One real problem of computer-aided manufacturing today is that no standard format yet
exists for the program running the machine. Therefore, the output from Computer A
running Machine A probably is not the input needed for Computer B running Machine B.
Although Machine A is finished with the material, Machine B is not ready to accept it.
Production halts while someone edits the file so it meets Computer B's needed format.

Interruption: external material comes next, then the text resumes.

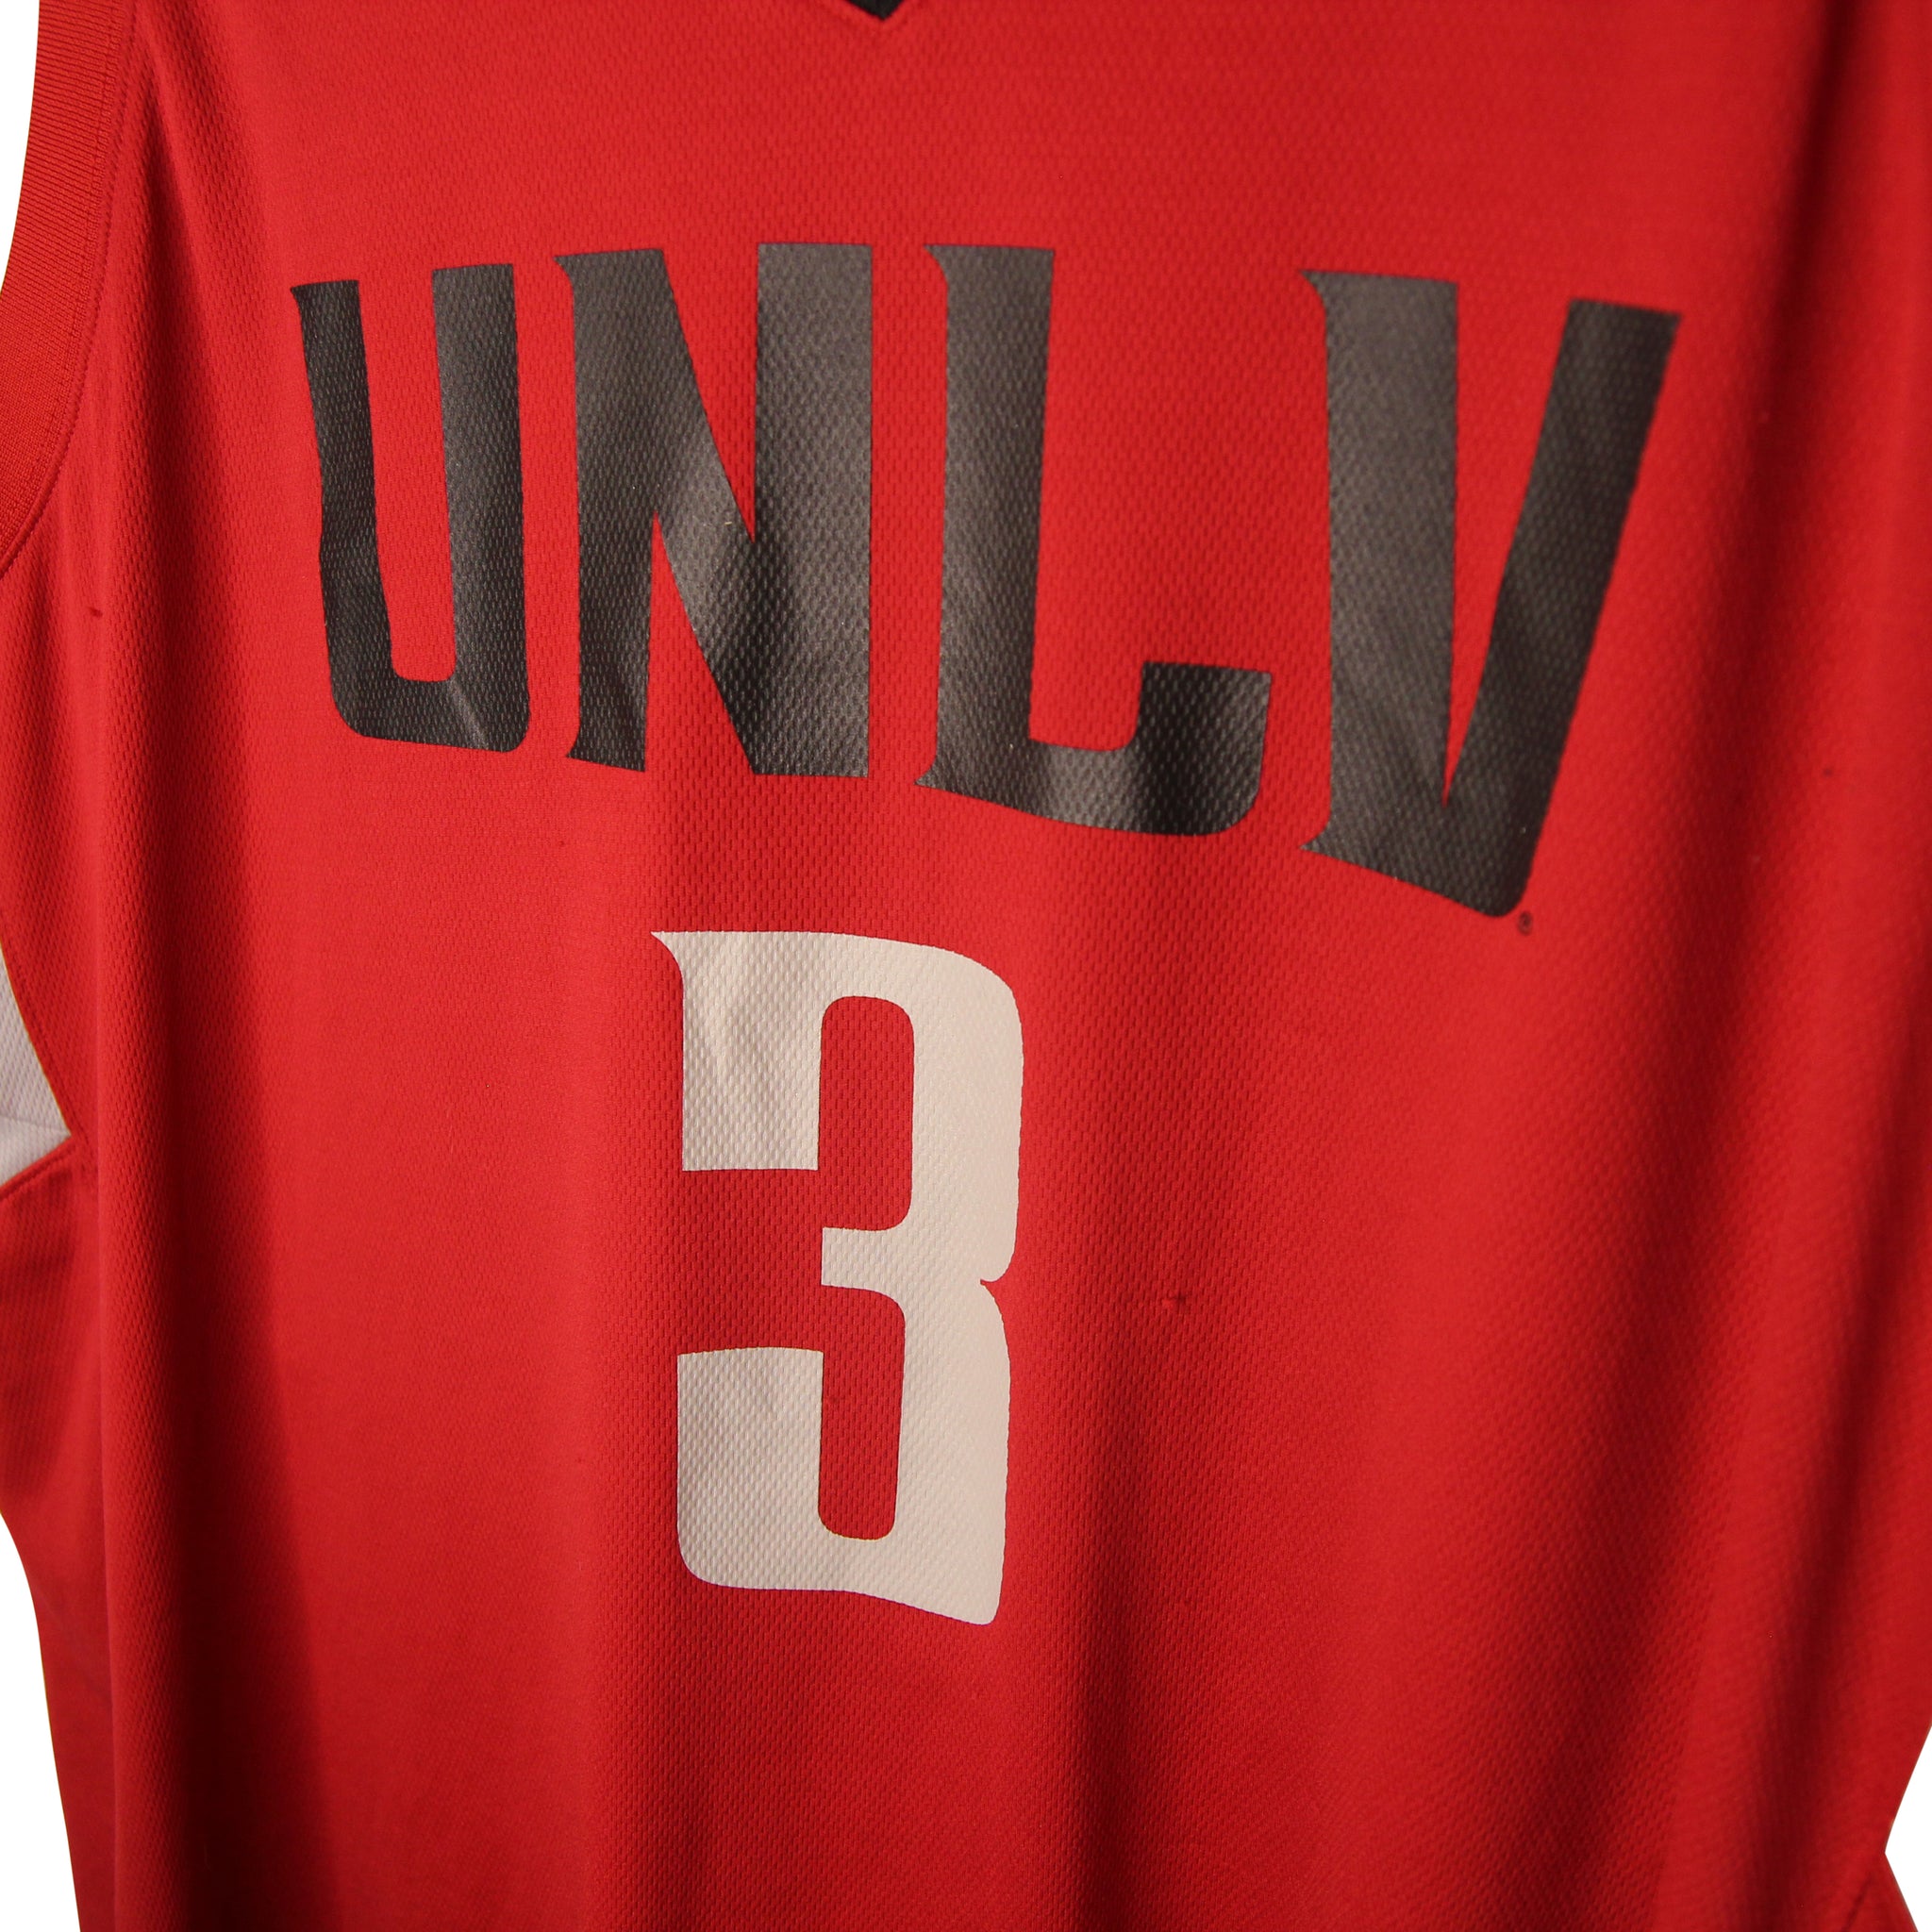 UNLV basketball jersey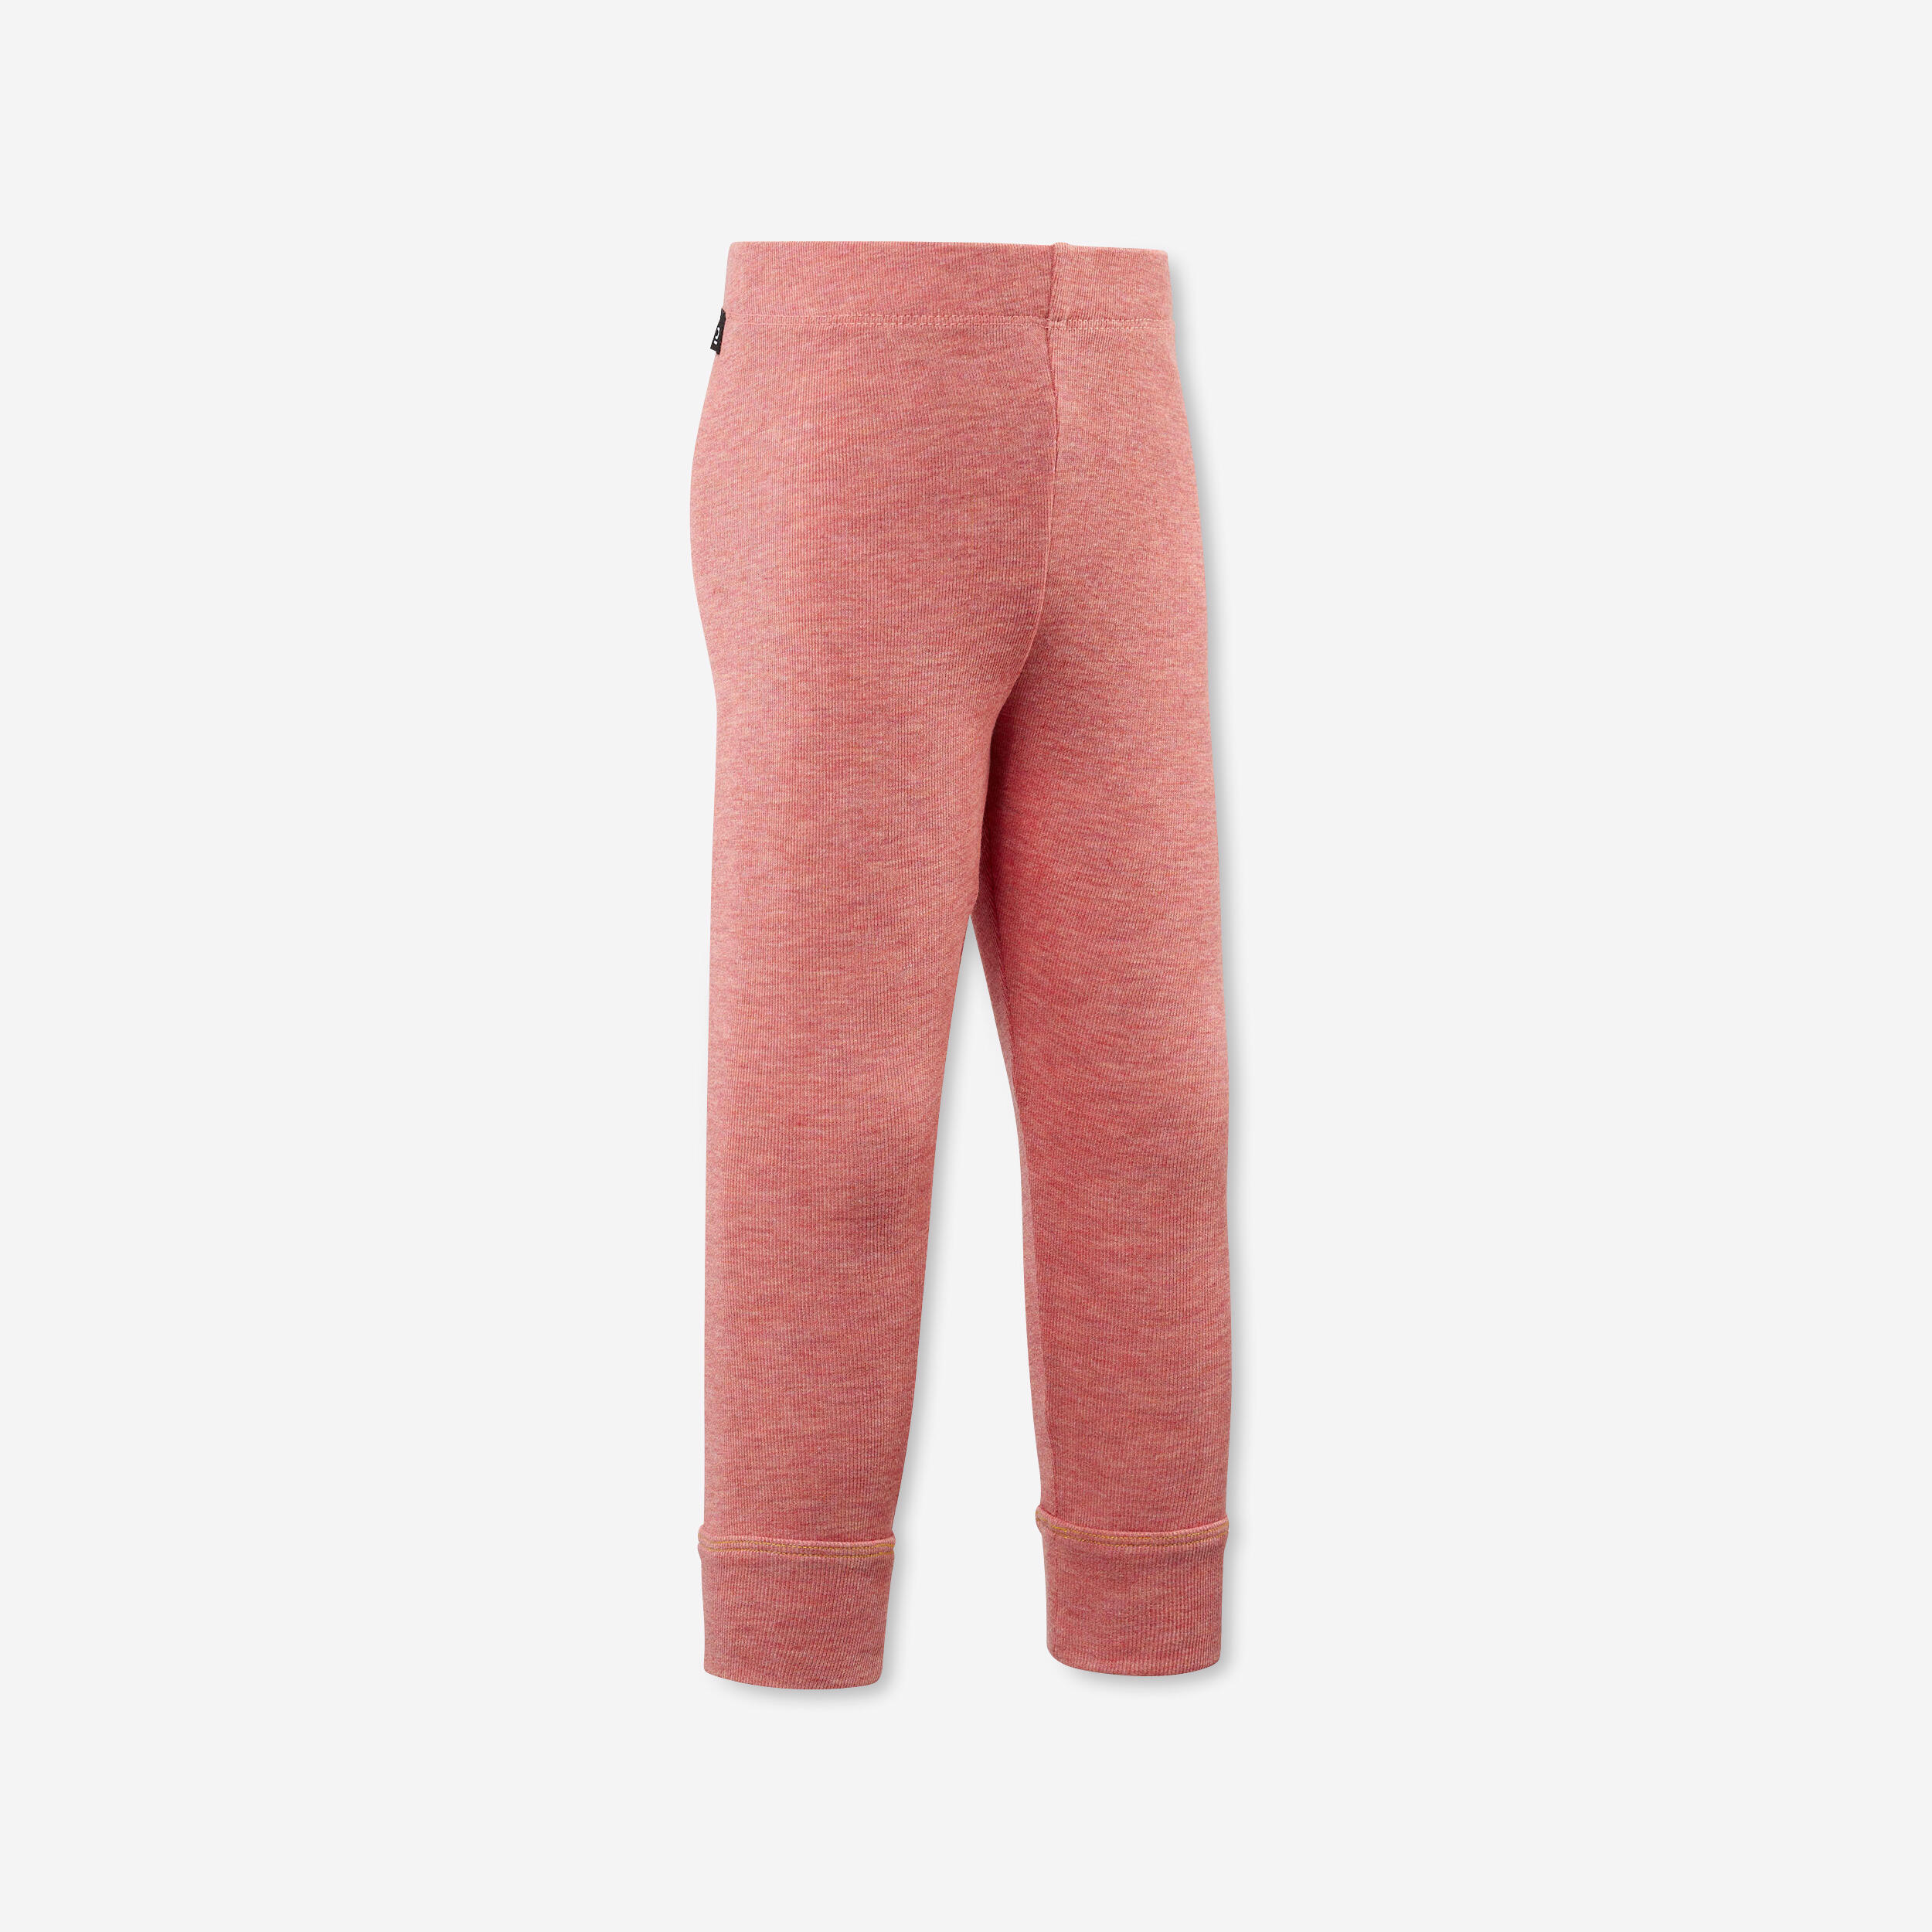 WEDZE Base layer trousers, Baby ski leggings - WARM pink

This is a perfect and simple awk task.
Due to the amount of built-in automation within awk, it is also useful for rapid
prototyping or trying out an idea that could later be implemented in another language.
Features
Reflecting the UNIX environment, awk features resemble the structures of both C and
shell scripts. Highlights include its being flexible, its predefined variables, automation, its
standard program constructs, conventional variable types, its powerful output formatting
borrowed from C, and its ease of use.
The flexibility means that most tasks may be done more than one way in awk. With the
application in mind, the programmer chooses which method to use . The built-in
variables already provide many of the tools to do what is needed. Awk is highly
automated. For instance, awk automatically retrieves each record, separates it into fields,
and does type conversion when needed without programmer request. Furthermore, there
are no variable declarations. Awk includes the "usual" programming constructs for the
control of program flow: an if statement for two way decisions and do, for and while
statements for looping. Awk also includes its own notational shorthand to ease typing.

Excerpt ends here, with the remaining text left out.